I believe the problem lies in the files provided by Google. The "xml" file in the zip file is not valid XML. If you look at the unzipped file, you'll see it, quite properly, starts with the usual XML declaration on line 1:
<?xml version="1.0" encoding="UTF-8"?>
<!DOCTYPE us-patent-grant SYSTEM "us-patent-grant-v44-2013-05-16.dtd" [ ]>
It then gets on with the data, starting with a us-patent-grant
root element, a few hundred lines of content, and closing that element on line 593:
<us-patent-grant lang="EN" dtd-version="v4.4 2013-05-16" file="USD0709266-20140722.XML" status="PRODUCTION" id="us-patent-grant" country="US" date-produced="20140707" date-publ="20140722">
[a few hundred lines omitted]
</us-patent-grant>
If that were the end of the file, you'd have well-formed XML. However, the ipg140722.xml
file is actually a series of well-formed XML files concatenated one after another:
<?xml version="1.0" encoding="UTF-8"?>
<!DOCTYPE us-patent-grant SYSTEM "us-patent-grant-v44-2013-05-16.dtd" [ ]>
<us-patent-grant lang="EN" dtd-version="v4.4 2013-05-16" file="USD0709266-20140722.XML" status="PRODUCTION" id="us-patent-grant" country="US" date-produced="20140707" date-publ="20140722">
[a few hundred lines omitted]
</us-patent-grant>
<?xml version="1.0" encoding="UTF-8"?>
<!DOCTYPE us-patent-grant SYSTEM "us-patent-grant-v44-2013-05-16.dtd" [ ]>
<us-patent-grant lang="EN" dtd-version="v4.4 2013-05-16" file="USD0709267-20140722.XML" status="PRODUCTION" id="us-patent-grant" country="US" date-produced="20140707" date-publ="20140722">
[a few hundred lines omitted]
</us-patent-grant>
<?xml version="1.0" encoding="UTF-8"?>
<!DOCTYPE us-patent-grant SYSTEM "us-patent-grant-v44-2013-05-16.dtd" [ ]>
<us-patent-grant lang="EN" dtd-version="v4.4 2013-05-16" file="USD0709268-20140722.XML" status="PRODUCTION" id="us-patent-grant" country="US" date-produced="20140707" date-publ="20140722">
[a few hundred lines omitted]
</us-patent-grant>
(etc)
The resulting concatenation is not well-formed XML and is presumably why R is choking.
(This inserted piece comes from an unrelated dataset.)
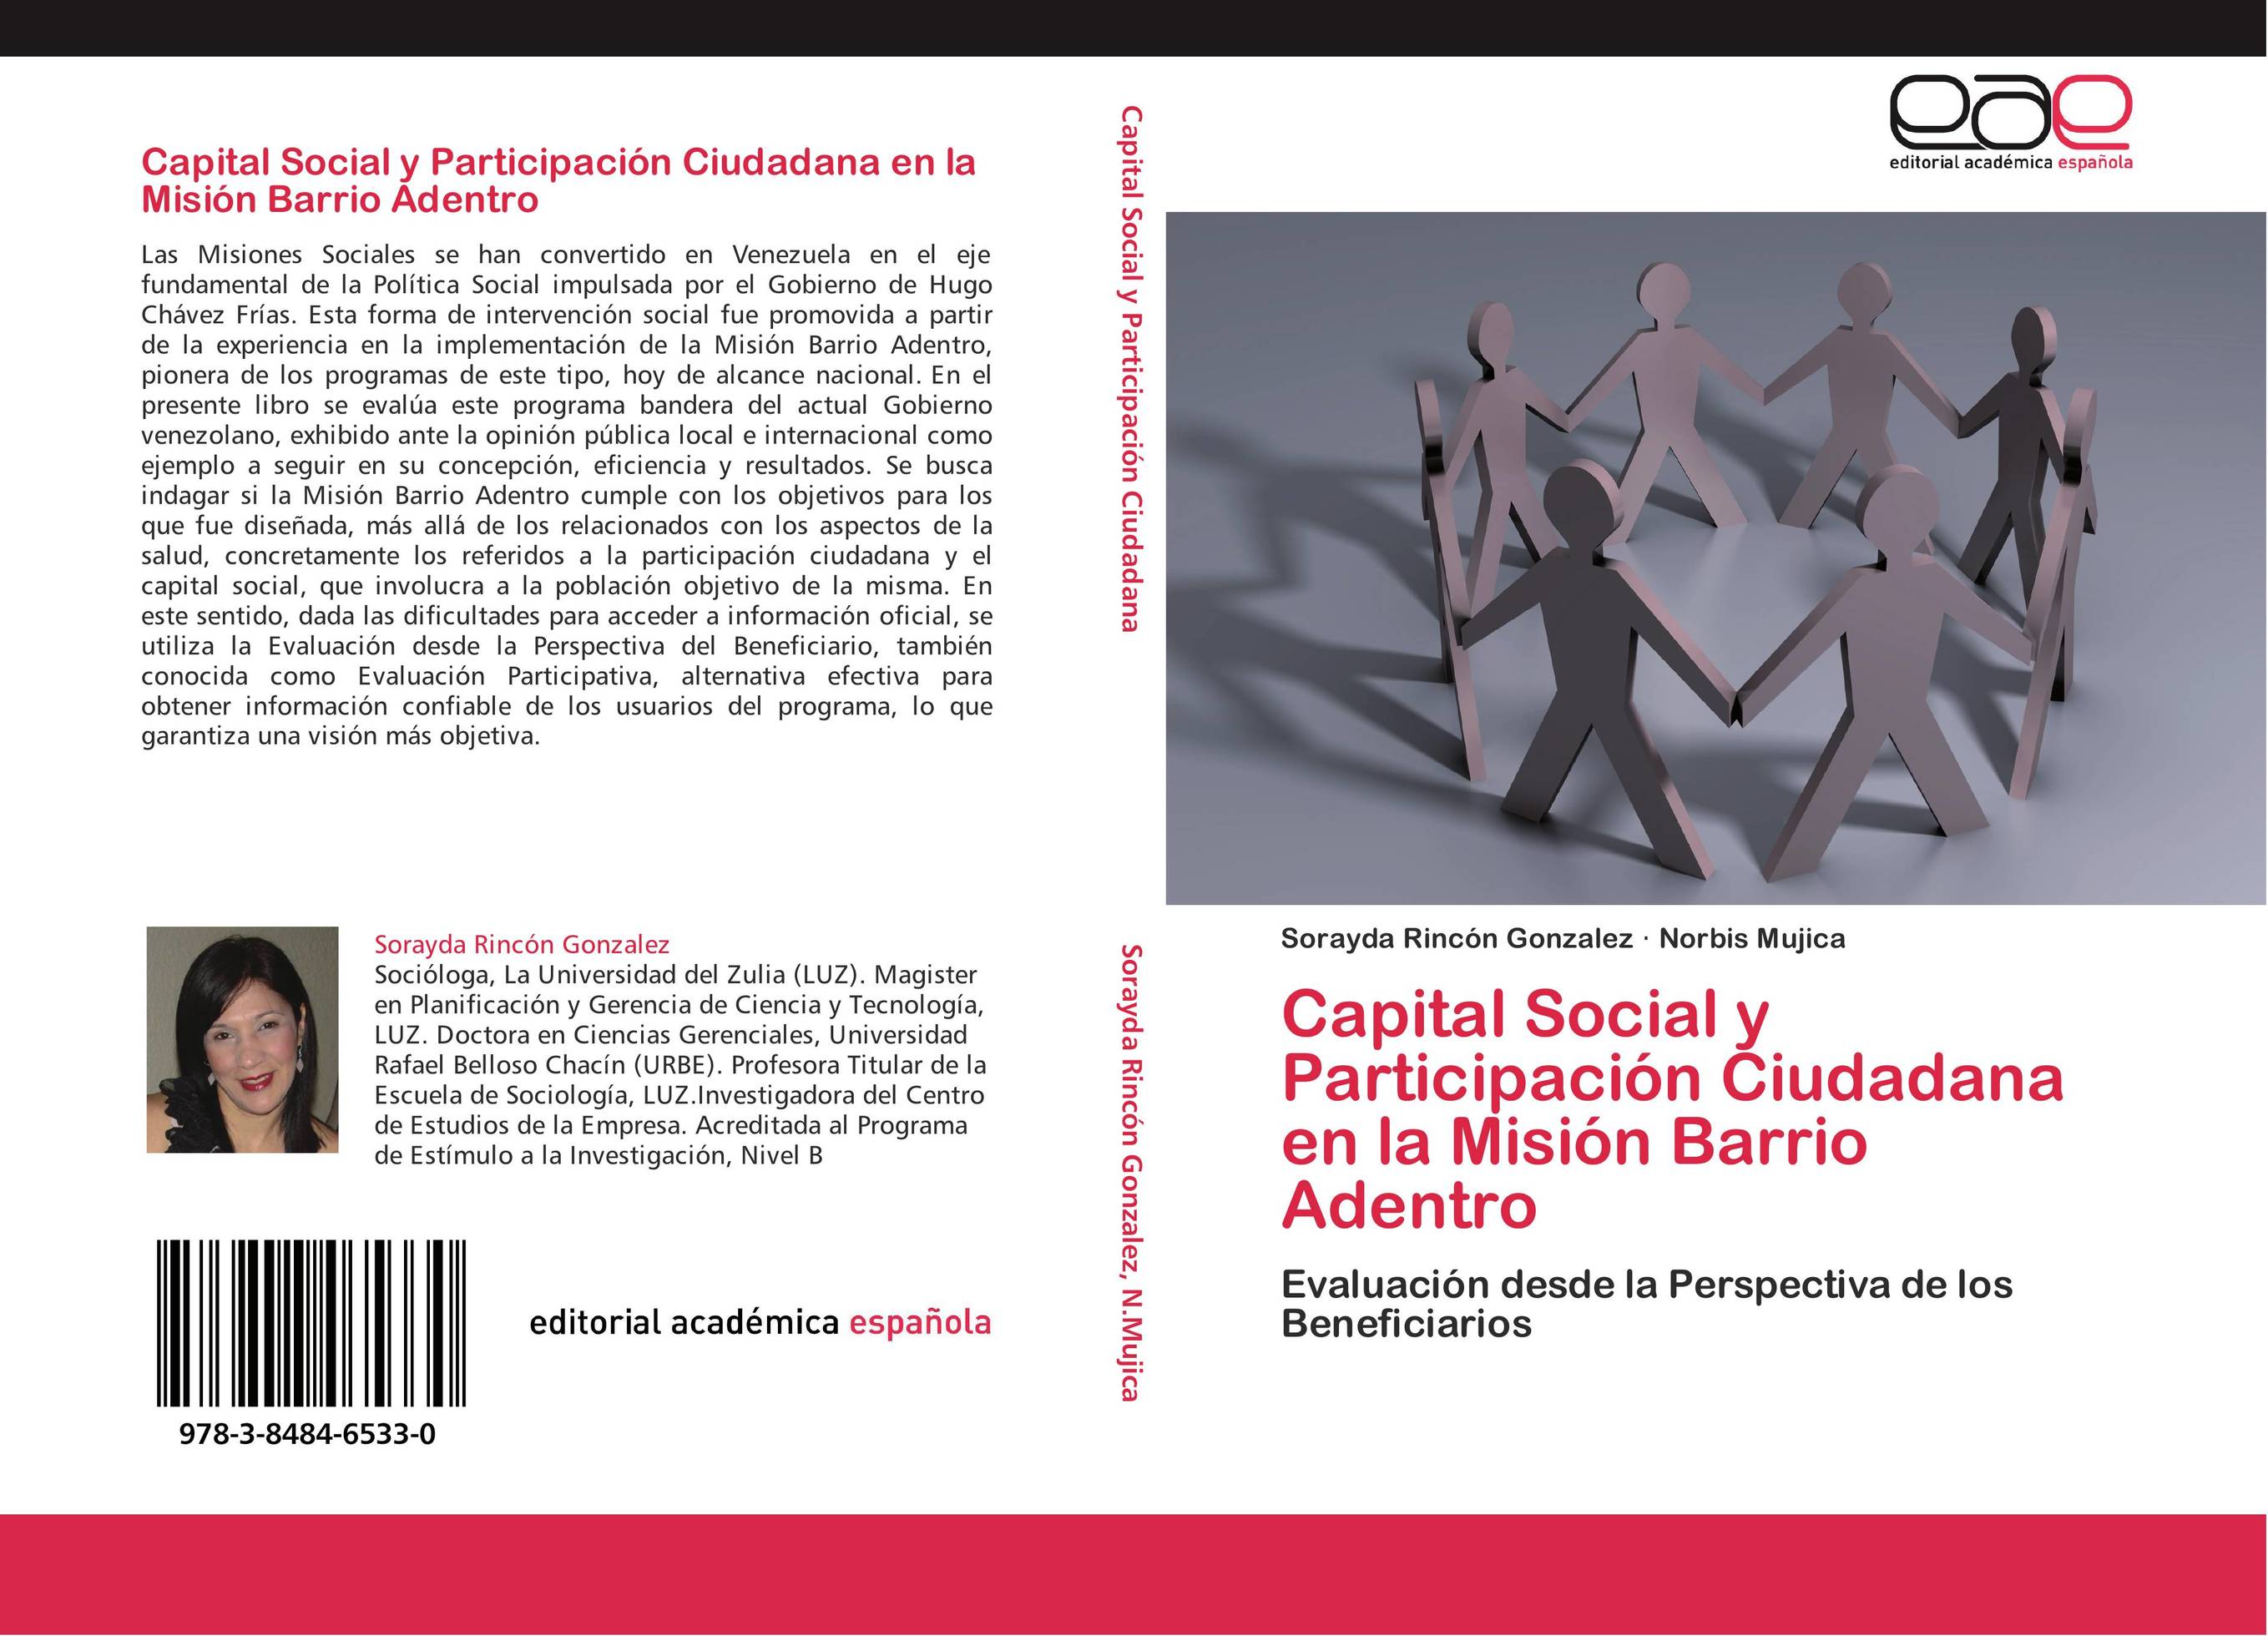 Capital Social y Participación Ciudadana en la Misión Barrio Adentro
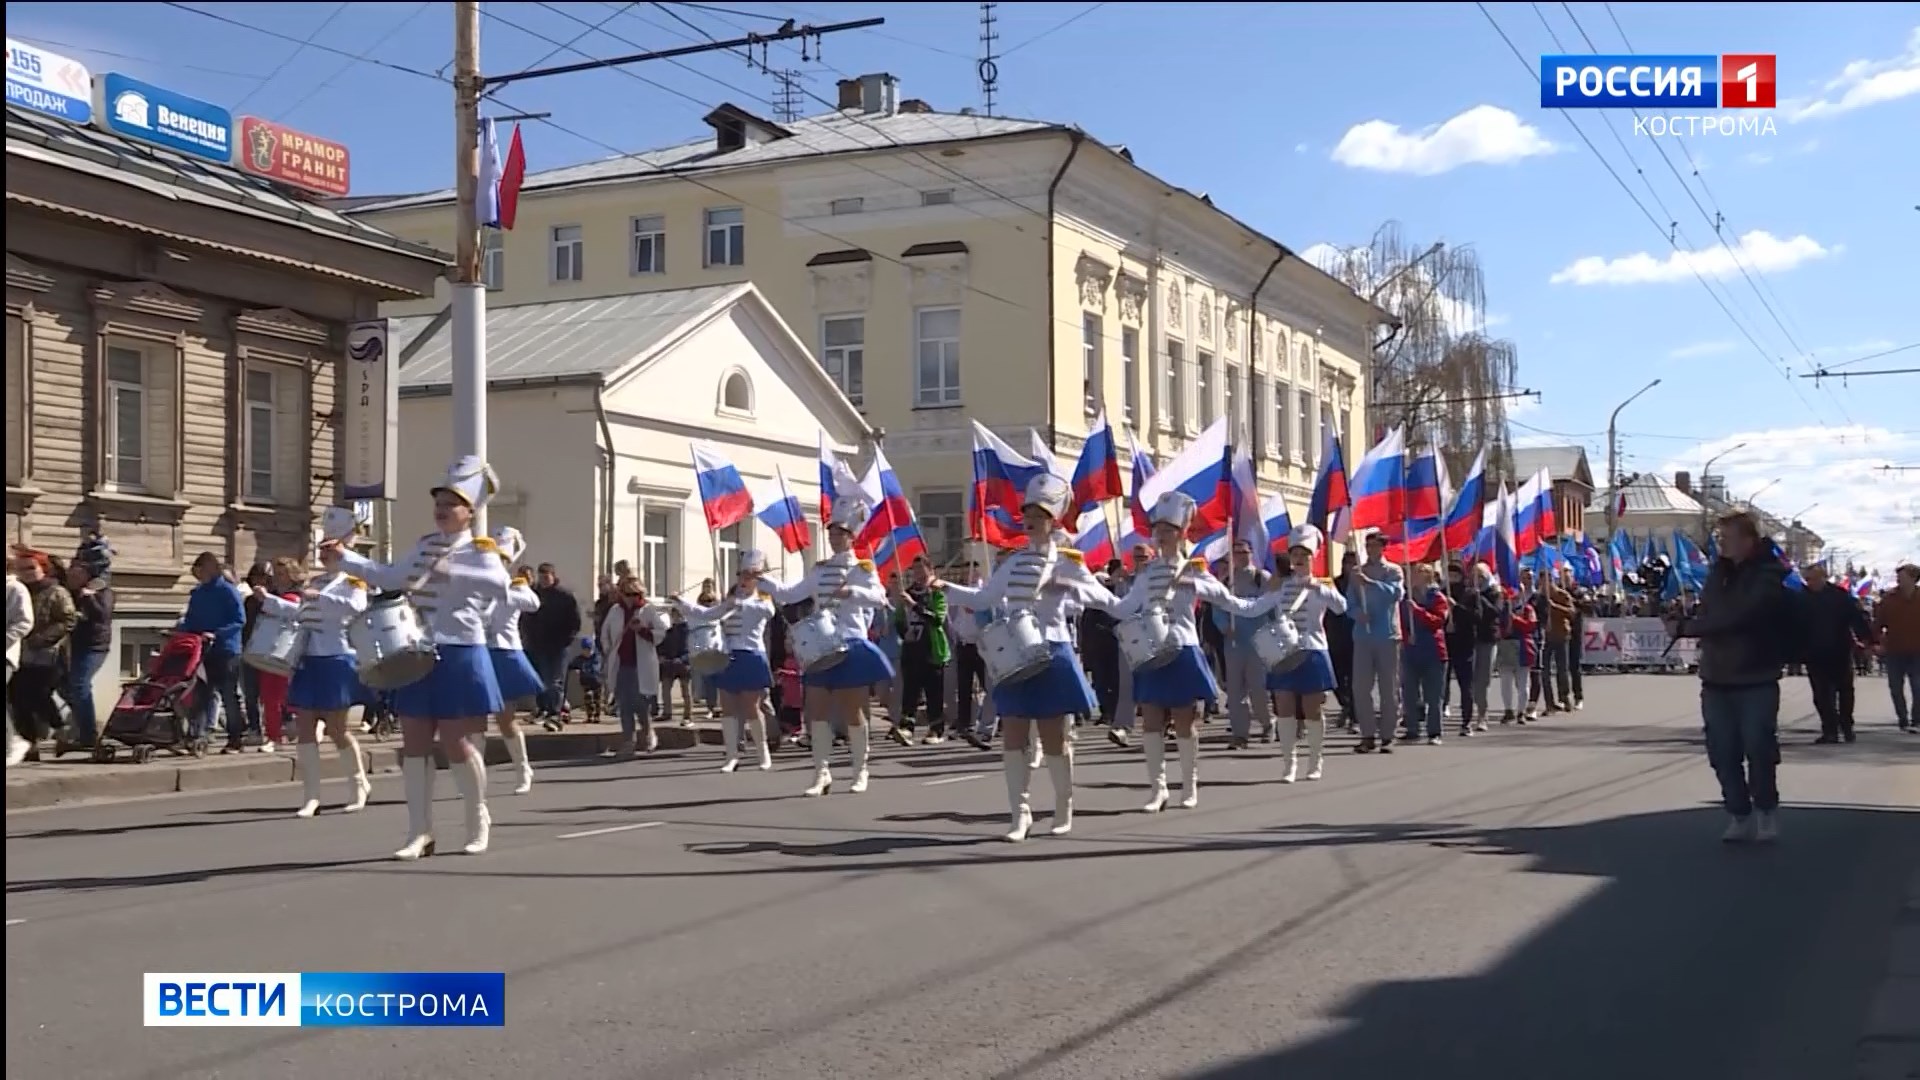 МТС поможет анализировать посещаемость культурно-массовых мероприятий в Костроме

If you look, you'll see a new XML declaration on lines 594, 1041, 1555, etc. all through the file to the end. If you paste lines 1-593, 594-1040 or 1041-1554 into an XML syntax checker, such as the one at http://www.w3schools.com/xml/xml_validator.asp , it will report "No errors found."
But try, for example, all of those lines, lines 1-1554, and you'll get an XML parsing error, "junk after document element".
You'll need to find some way to split the portion you need into a well-formed XML file you need in order to process it as XML.